PASS criteria: Ensure BW is >68 GB/sec in each direction.
Bisection Bandwidth Test Two Leaf and Spine Switch¶
Check if spine switches are performant (bisection bandwidth test across leaf and spine):
Run 64MB bidirectional send/recv test except half the ranks will communicate with other half of the ranks. Run send_recv with (rank ^ total_ranks/2).
PASS criteria: Ensure BW is >68 GB/sec in each direction.

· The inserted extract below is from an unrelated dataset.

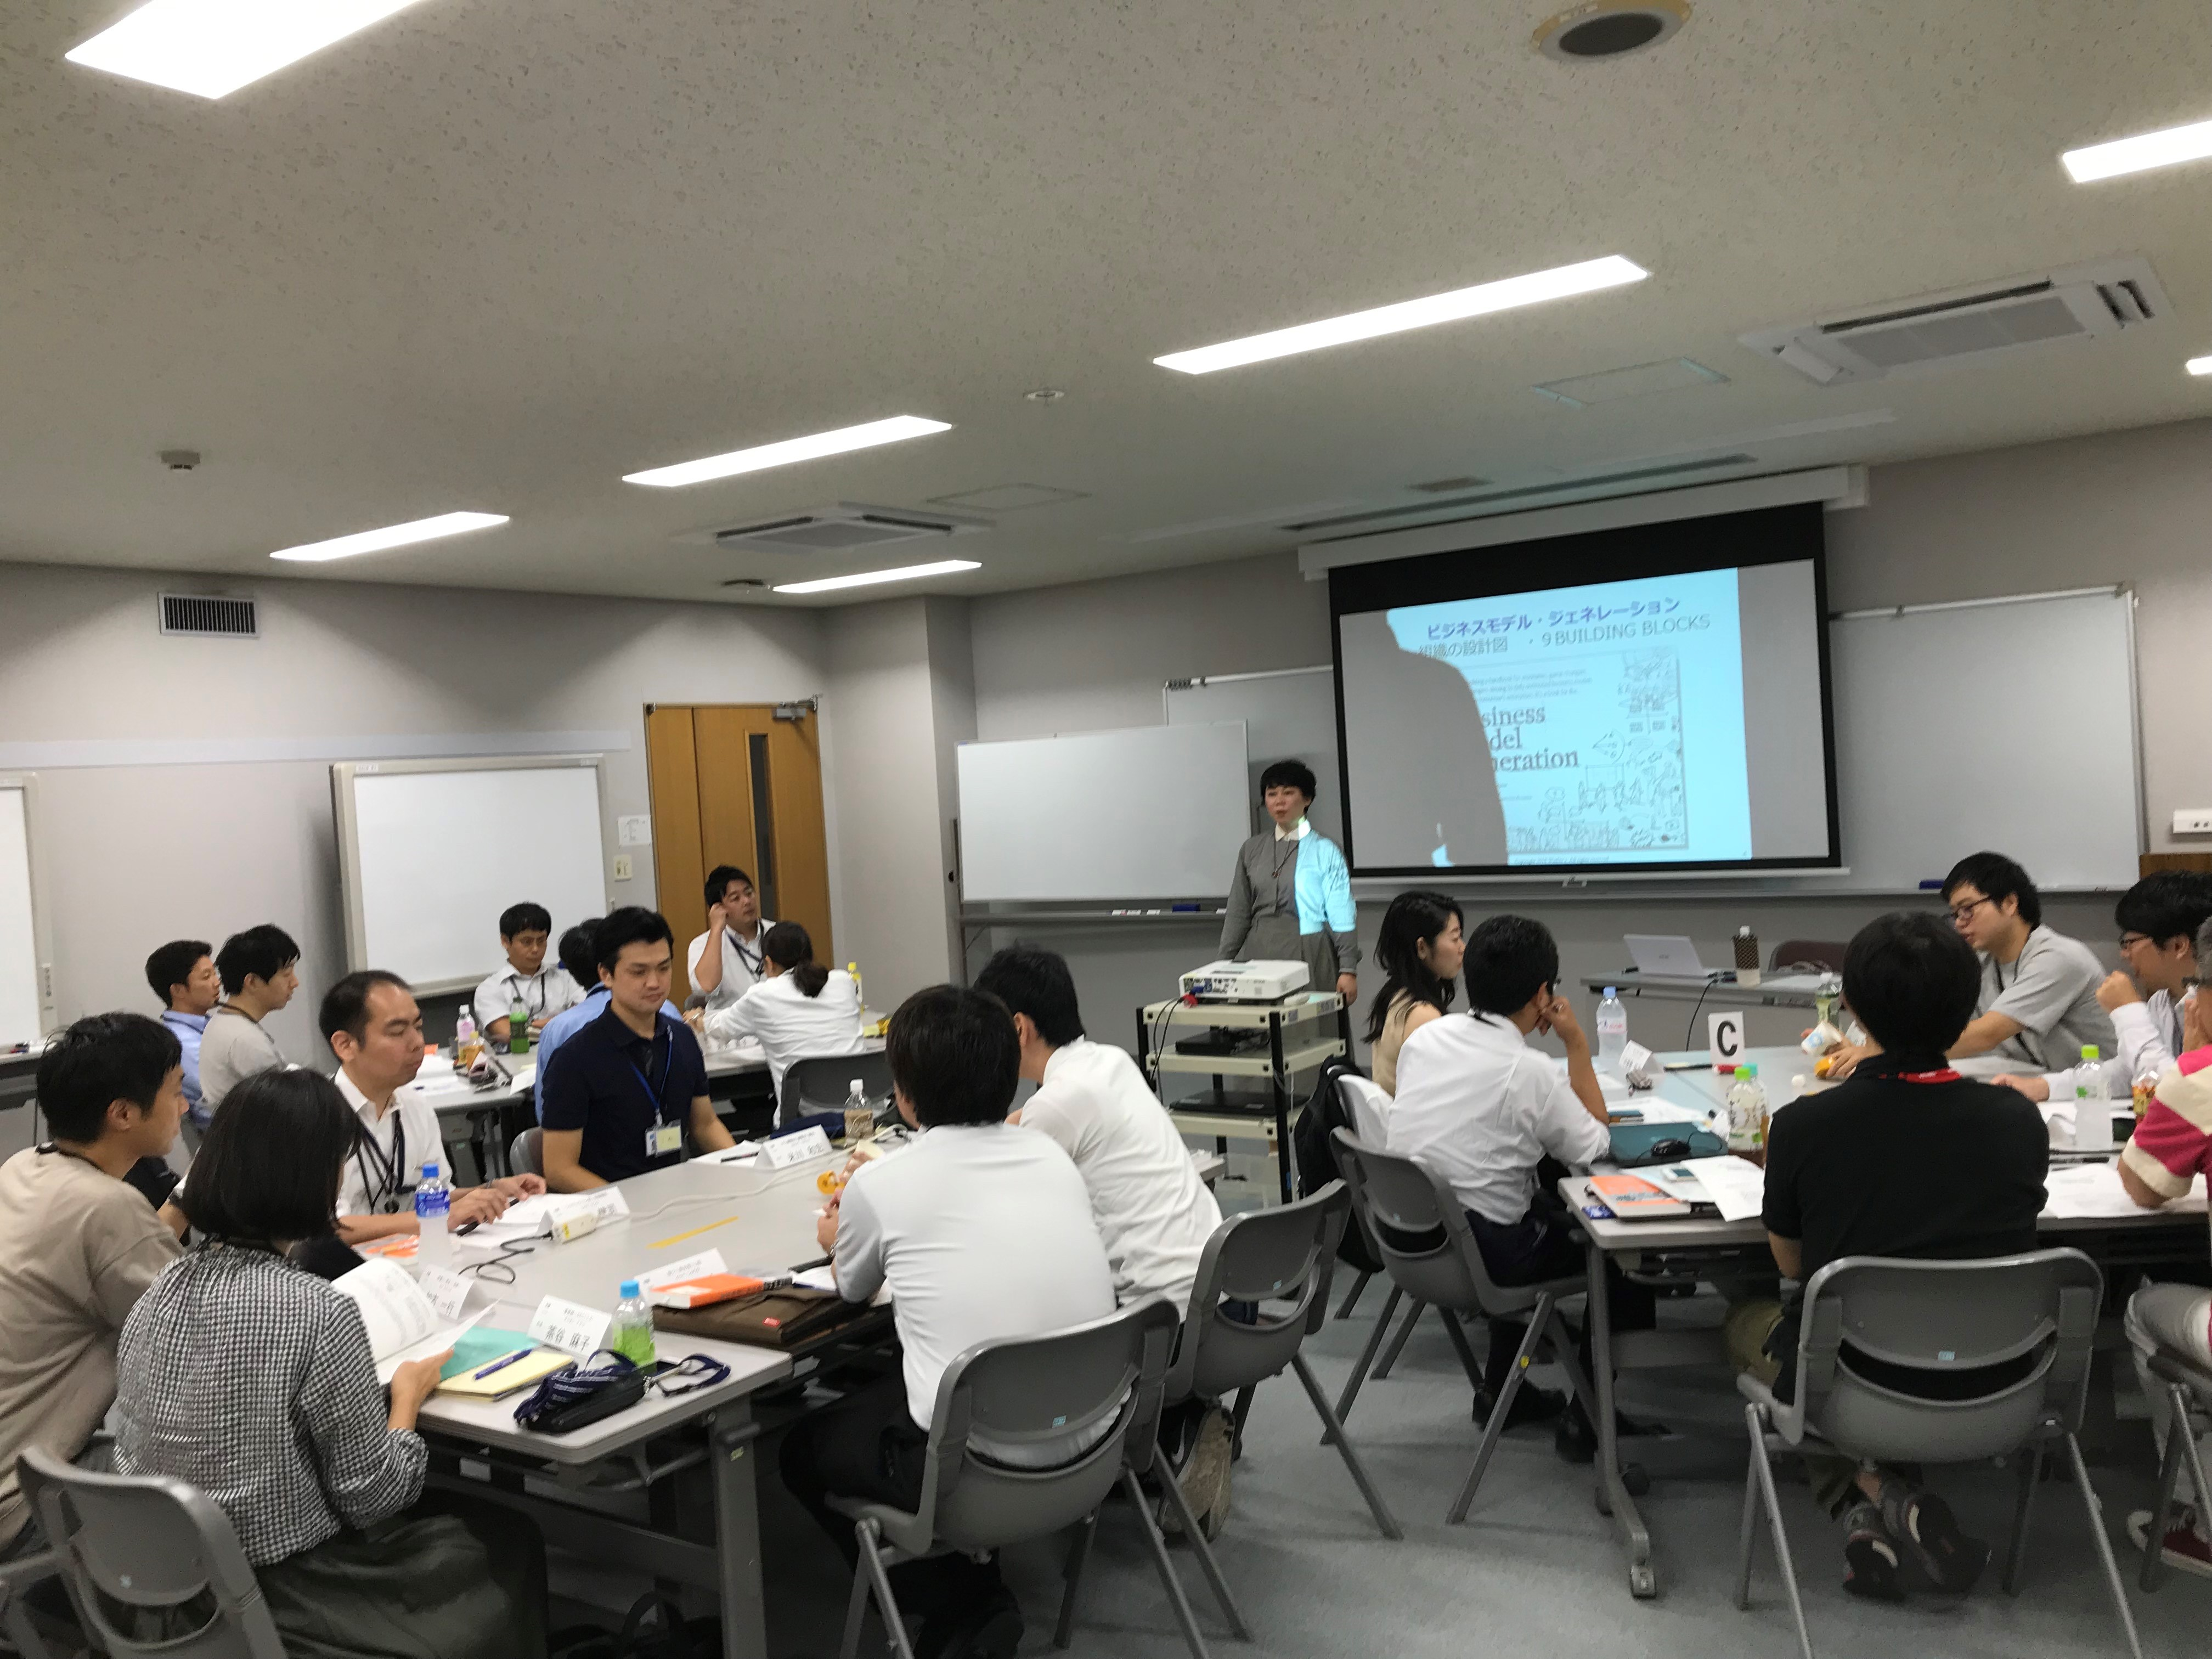 新規ビジネス検討会には、様々な部門からメンバーが参画する

Bisection Bandwidth Test Across all Gaudi 3s for a Given Job¶
Check PEER alltoall connections are functional (bisection bandwidth test including all nodes):
Run 64MB bidirectional send/recv test in a loop (for i=0; i < total_ranks/8; i++) ; send_recv with (rank ^ (i*8)).
PASS criteria: Ensure BW is >68 GB/sec in each direction.
Check alltoall connections are functional (bisection bandwidth test including all nodes):
Run 64MB bidirectional send/recv test in a loop (for i=0; i < total_ranks; i++) ; send_recv with (rank ^ i).
PASS criteria: Ensure BW is >68 GB/sec in each direction.